我没说话,只是握住了她的手。她的手冰凉,像没有生命的人偶。
“你刚才说,也许能救我。”阿蝶反握住我的手,抓得很紧,“需要我做什么?只要能活下去,只要能报仇,我什么都愿意做。”
“月圆之夜,下蛊的人会来取你性命。”我看着她,“我们需要你当饵。”
阿蝶沉默了很久,最后点头:“好。”
从阿蝶房间出来,我看见桑洛站在院子里,手里拿着一片树叶把玩。见我出来,他抬眼问:“谈好了?”
“嗯。她愿意帮忙。”
桑洛把树叶丢在地上,用脚尖碾碎:“阿姐信她的话?”
“不全信。”我在他身边的石凳上坐下,“但至少有七分真。”
“哪三分假?”
“她说蛊王在她手里。”我看向桑洛,“如果蛊王真的在她手里,阿蔓不会让她逃这么远。蝶寨的蛊王能追踪百里内的同源血脉,她要是真带着蛊王,早就被追上了。”
桑洛的嘴角弯了弯:“阿姐果然聪明了。”
“所以蛊王要么不在她身上,要么……”我顿了顿,“她根本不知道蛊王是什么。”
桑洛点头:“更可能的是,蛊王已经在她姐姐手里了。她逃出来,是因为知道了别的秘密——一个足以威胁到阿蔓地位的秘密。”
我忽然想起阿蝶之前说的话:“她说,有人让她告诉我,长生祭是个***。”
“那就说得通了。”桑洛站起身,拍拍衣摆上的灰尘,“蝶寨内部有人反对阿蔓,想借我们的手除掉她。阿蝶是信使,但她被发现了,所以被灭口。”
“那长生祭呢?”我问,“蝶寨为什么要插手我们寨子的事?”
桑洛没回答,只是抬头看了看天。午后的阳光很烈,照得人睁不开眼。
“阿姐,”他忽然说,“如果有一天,你发现我一直瞒着你一些事,你会恨我吗?”
我心里一紧,面上却笑了:“那要看是什么事。如果是为我好,我就不恨。”
桑洛转头看我,阳光落在他眼睛里,把瞳孔照成了琥珀色。他看了我很久,久到我以为他又不会回答了,才轻声说:“有些事,知道得越少越安全。”
我没追问。有些答案,需要自己去找。
接下来的三天,寨子里风平浪静。血蛊的事查到最后不了了之,那个被控制的年轻人醒来后什么也不记得,线索就这么断了。
但我能感觉到,平静底下有东西在酝酿。巡逻的年轻人说,最近寨子附近总有人影晃动,但一靠近就消失不见。后山的牲畜又开始莫名其妙地死亡,这次不止牛,连鸡鸭都死了不少。
岩康长老来找过桑洛几次,每次都是忧心忡忡地离开。寨子里人心惶惶,开始有人说,这是山神发怒了,因为祭祀被推迟。
桑洛对此嗤之以鼻,但我知道,他在暗中准备着什么。他的房间里每晚都亮着灯,有时我半夜醒来,能听见他低声念咒的声音。
阿蝶的毒发越来越频繁,每天要昏睡好几个时辰。我按照桑洛教的方法,用银针封住她几处大穴,暂时延缓了毒素蔓延。但这不是长久之计,如果月圆之夜解不了蛊,她必死无疑。
第三天傍晚,岩康又来了,这次还带来了一个人——一个我从没见过的年轻人。
年轻人约莫二十出头,穿着普通的苗家衣裳,但气质很特别。他站在那里,背挺得笔直,眼神锐利得像鹰。看见我,他行了个标准的礼:“见过圣女。”

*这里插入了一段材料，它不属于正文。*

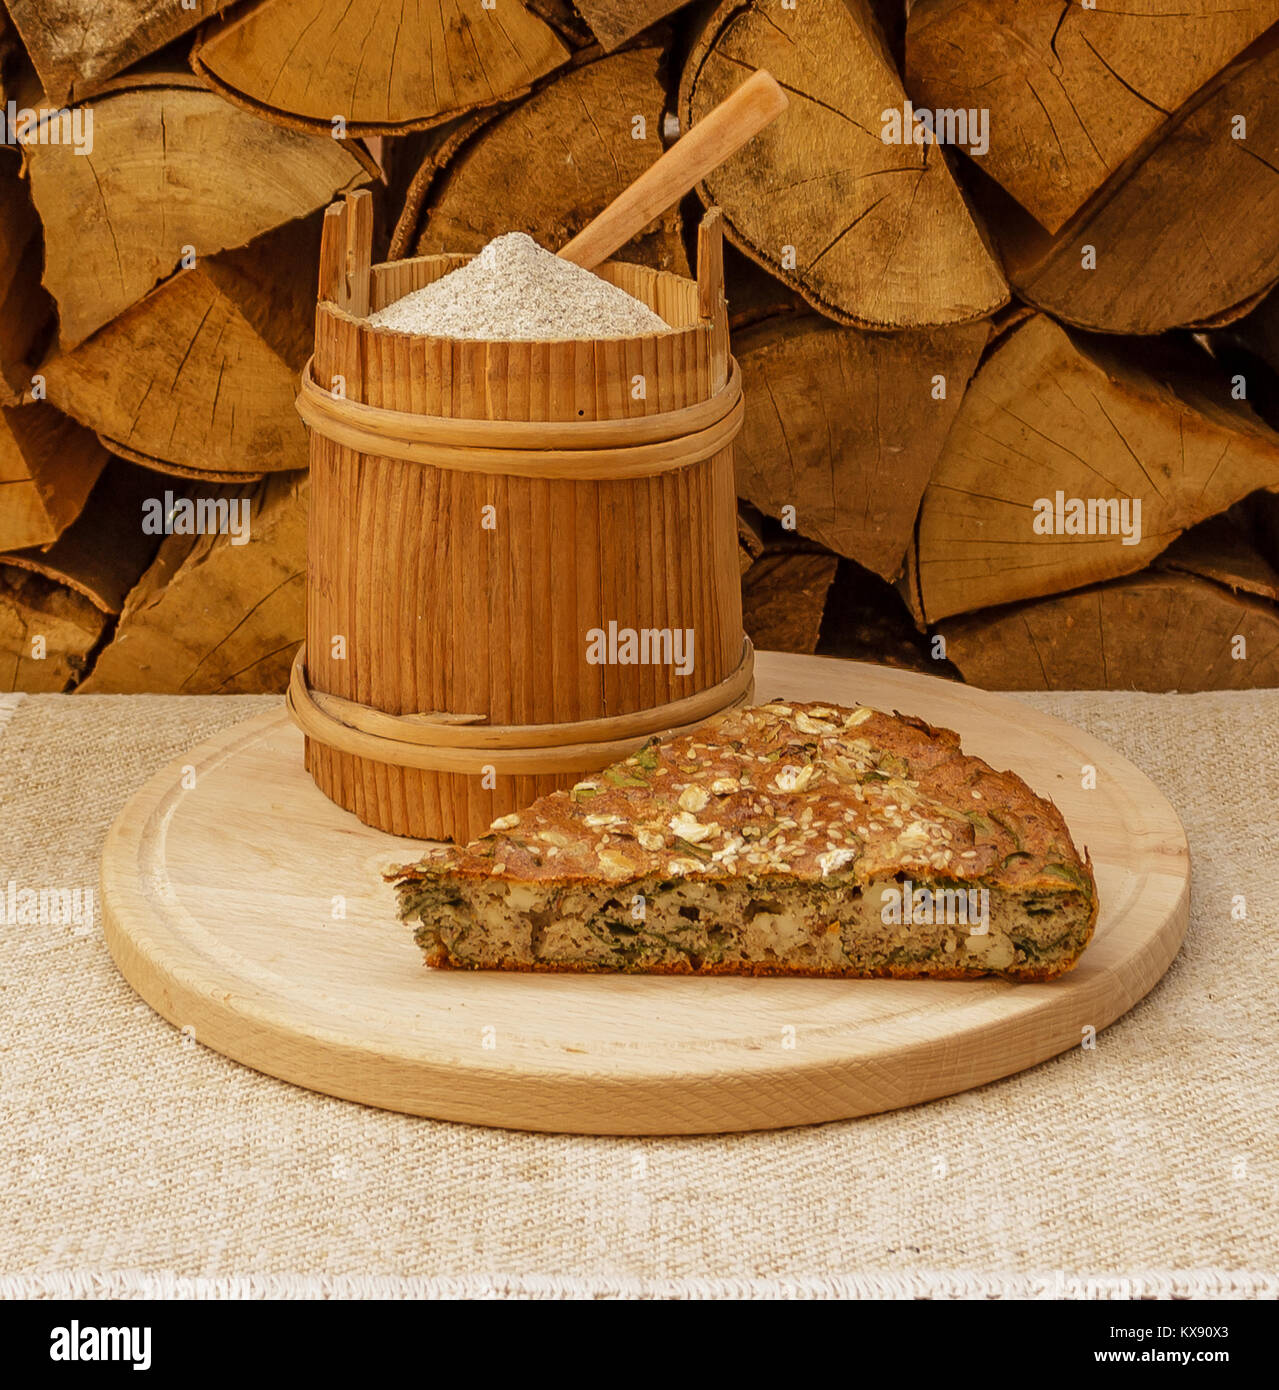 Farine de sarrasin dans un canister et pice de tarte sur plaque de bois Banque D'Images

“这位是岩锋,我侄子。”岩康介绍,“刚从外头游历回来,听说了寨子里的事,想为圣子圣女分忧。”
岩锋又对桑洛行礼:“圣子。”
桑洛打量着他,没说话。气氛有些僵,我笑着打圆场:“岩锋兄弟有心了。正好最近寨子附近不太平,多个人多份力。”
岩锋抬头看了我一眼,那眼神让我心里咯噔一下。太锐利了,不像普通年轻人该有的眼神。
“圣女客气。”他声音平稳,“我听说寨子里来了位蝶寨的客人,还中了罕见的蛊毒。不巧,我在外游历时,对蝶寨的蛊术略知一二,或许能帮上忙。”
桑洛终于开口:“你怎么知道她中了蛊毒?”
岩锋面不改色:“岩康叔告诉我的。”
岩康连忙点头:“是我是我,我想着多个人多个办法……”
“那就去看看。”桑洛打断他,率先往偏房走去。
阿蝶正在昏睡,岩锋走到床边,仔细看了看她脖子上的黑色纹路,又翻开她的眼皮看了看瞳孔。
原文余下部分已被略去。